How to efficiently recurse through PySpark DataFrame?

I have a DataFrame which looks roughly like this:

Material	Component	BatchSize	RequiredQuantity
A	A1	1300	1.0
A	A2	1300	0.056
A	A3	1300	2.78
A	B	1300	1300.5
B	B1	1000	1007
B	B2	1000	3.5
B	C	1000	9
C	C1	800	806.4

For each material, I need to loop through the components and recurse down to the lowest level components while adding a row for each one and performing a calculation to normalize the RequiredQuantity for the new rows: RequiredQuantity / BatchSize * Parent RequiredQuantity. The resulting DataFrame should look like this:

Material	Component	BatchSize	RequiredQuantity
A	A1	1300	1.0
A	A2	1300	0.056
A	A3	1300	2.78
A	B	1300	1300.5
A	B1	1300	1309.6035
A	B2	1300	4.55175
A	C	1300	11.7045
A	C1	1300	11.798136
B	B1	1000	1007
B	B2	1000	3.5
B	C	1000	9
B	C1	1000	9.072
C	C1	800	806.4

I tried writing a recursive function, which does work, but is extremely slow, taking roughly 5 minutes per material. This would be fine for a small table, but in our case we have almost 5000 different materials, each of which has roughly 10 different components, so it would take weeks to get through it all. I'm hoping there's a better way to handle this.

Here's the PySpark code I wrote:

def recurse_components(df, material):
    if df.isEmpty():
        return df

    filtered_material = df.where(F.col("Material") == material)
    batch_size = filtered_material.select("BatchSize").first()["BatchSize"]

    component_list = (
        filtered_material.select("Component").rdd.flatMap(lambda x: x).collect()
    )

    for component in component_list:
        component_table = df.where(F.col("Material") == component)
        if not component_table.isEmpty():
            required_quantity = (
                filtered_material.where(F.col("Component") == component)
                .select("RequiredQuantity")
                .first()["RequiredQuantity"]
            )
            recursive_call = recurse_components(df, component).withColumns(
                {
                    "Material": F.lit(material),
                    "RequiredQuantity": F.col("RequiredQuantity")
                    * required_quantity
                    / F.col("BatchSize"),
                    "BatchSize": F.lit(batch_size),
                }
            )
            filtered_material = filtered_material.union(recursive_call)

    return filtered_material

material_list = df.select("Material").distinct().rdd.flatMap(lambda x: x).collect()
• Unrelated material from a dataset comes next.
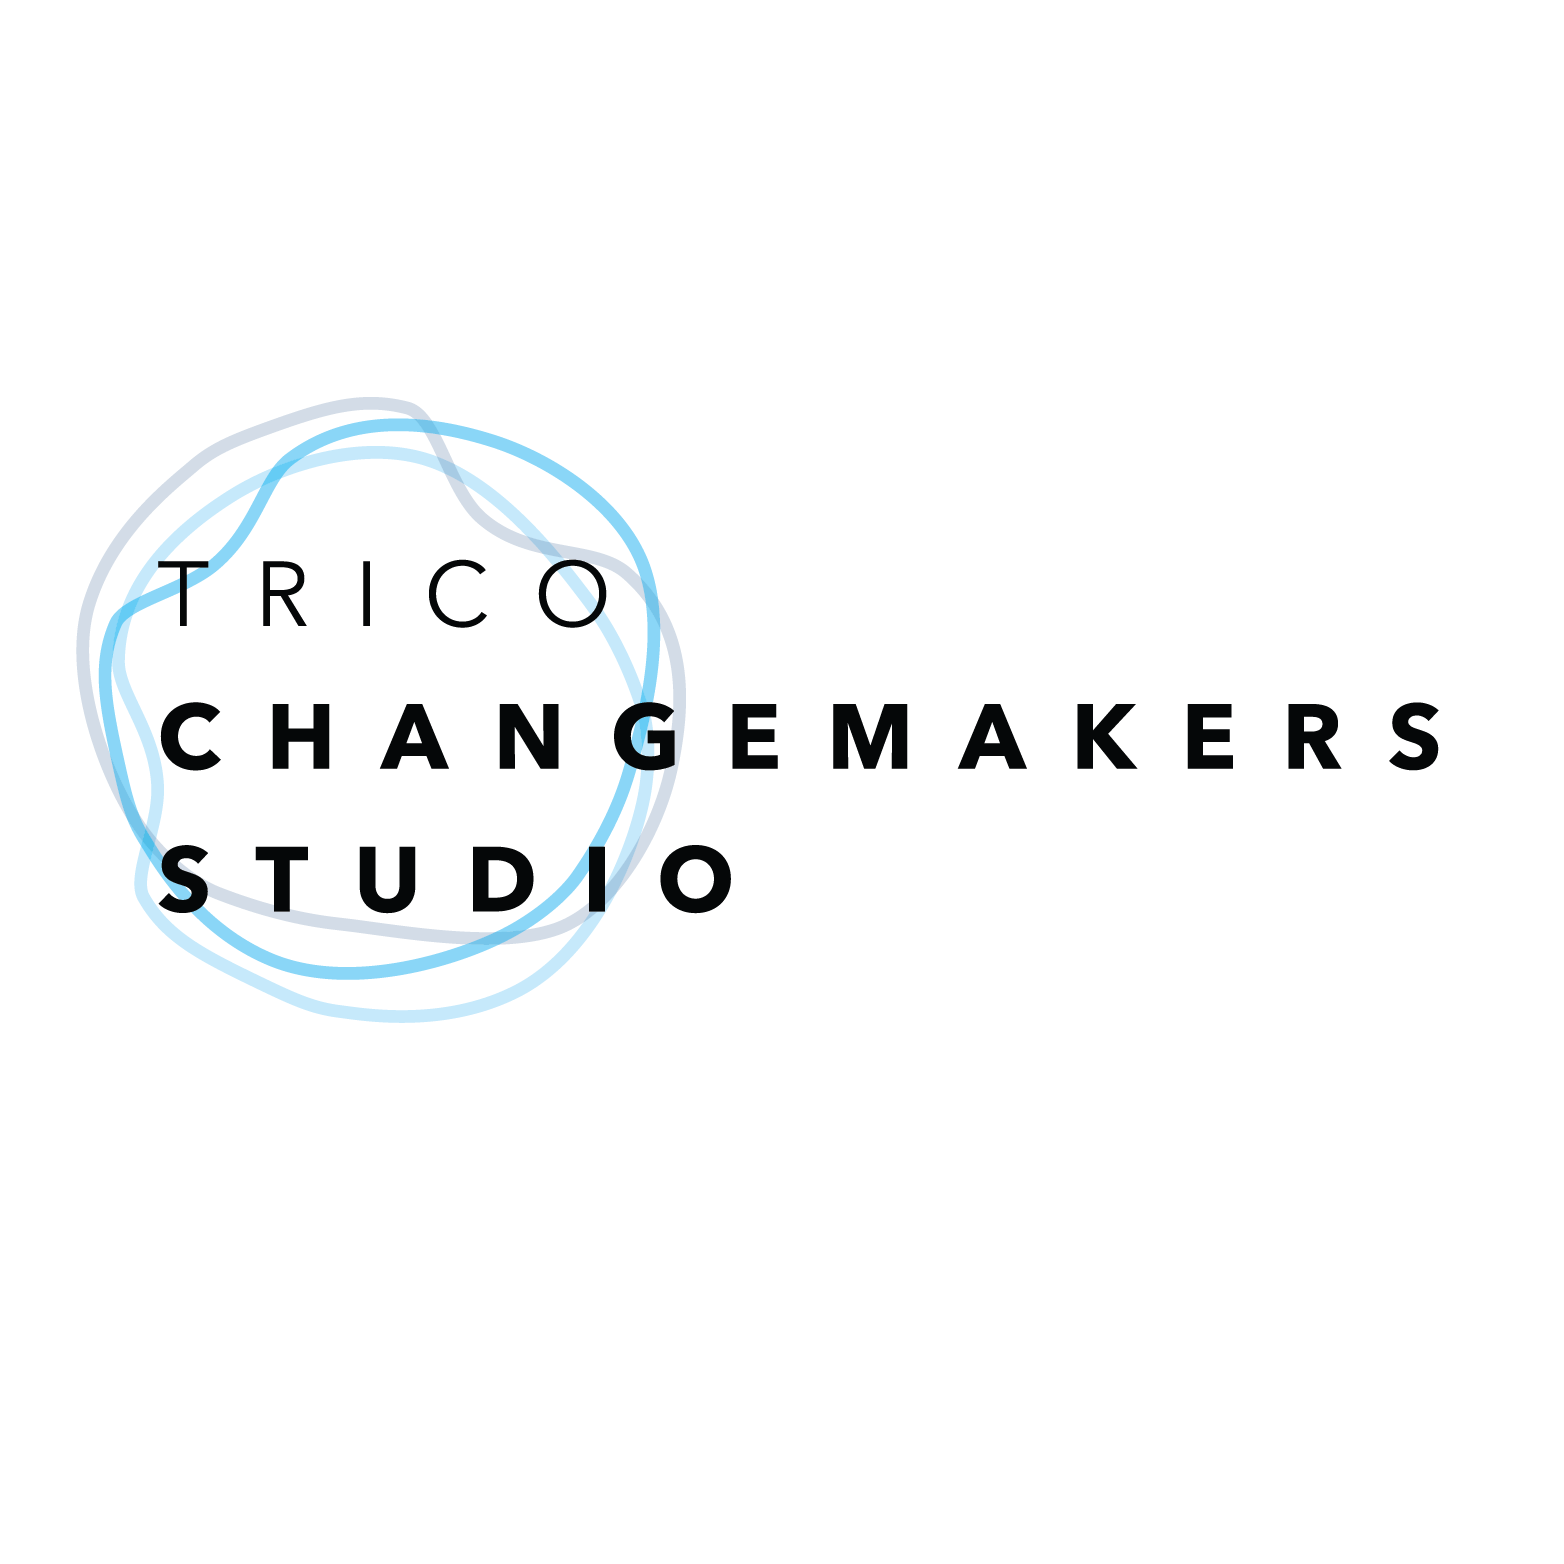 Trico Changemakers Studio

extended_df = spark.createDataFrame([], df.schema)
for material in material_list:
    extended_df = extended_df.union(recurse_components(df, material))

Any help would be greatly appreciated.

Solution

As suggested by Emma, GraphFrames worked great. You first have to define the nodes (which in my case was the list of distinct materials) and the edges (everything else), then create the graph, iterate through the levels of the graph, and union all the results together. Here's the code:

from pyspark.sql import functions as F, types as T, SparkSession
from graphframes import GraphFrame

spark = SparkSession.builder.getOrCreate()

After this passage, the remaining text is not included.